The bake sale is a humble way to raise money for a good cause. A little flour, eggs and sugar yield cozy morsels gobbled up by community members who toss their coins or bills into a jar. Not to mention the fun of trying other families’ favorites and even sampling a taste of another culture. The exchange of money for treats has become less personal with the re-selling of store-bought goods, although certainly efficient. Re-selling cheap, pre-packaged products turns a tidy profit.

NYTimes recently published an article about the changing landscape of the school bake sale with an emphasis on the battle against obesity. How do selling pre-packaged products help make headway against the epidemic? I understand that some children have allergies and serious intolerances but I think the concerns can be addressed by thoughtful bakers rather than resorting to a table full of processed junk food.

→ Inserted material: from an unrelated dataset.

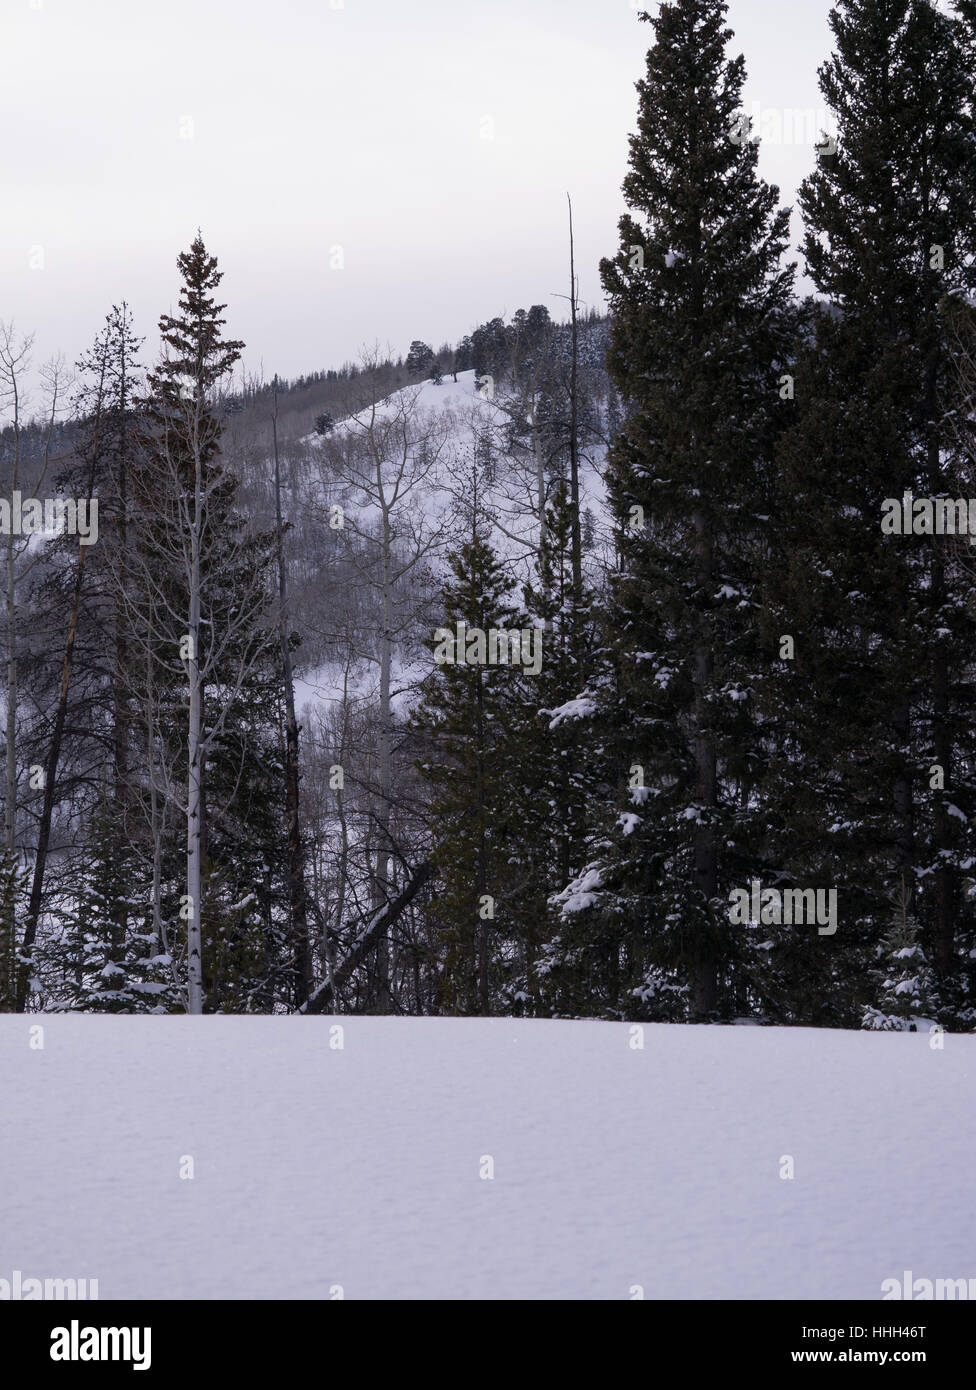 Aspen misti e la foresta di pini, fresche, neve pesante in primo piano Foto Stock

I am an advocate for the old-fashioned bake sale. It is an opportunity to gather around a community table and share a bite for a good cause. The time and care taken to bake something homemade makes it a pleasure for me to donate funds. A bake sale is a chance to make an intimate and meaningful exchange, an antidote to our teched-out, super-busy, fragmented way of life. Perhaps, if we all learn to bake one thing well – simple vanilla cupcakes sprinkled with sugar or killer oatmeal cookies – bake sales can still live up to their billing.

Remember the musical Oklahoma! when at the church picnic fresh-baked pies were auctioned off and love was found? Could the bake sale be the new J-date?  Support the cause!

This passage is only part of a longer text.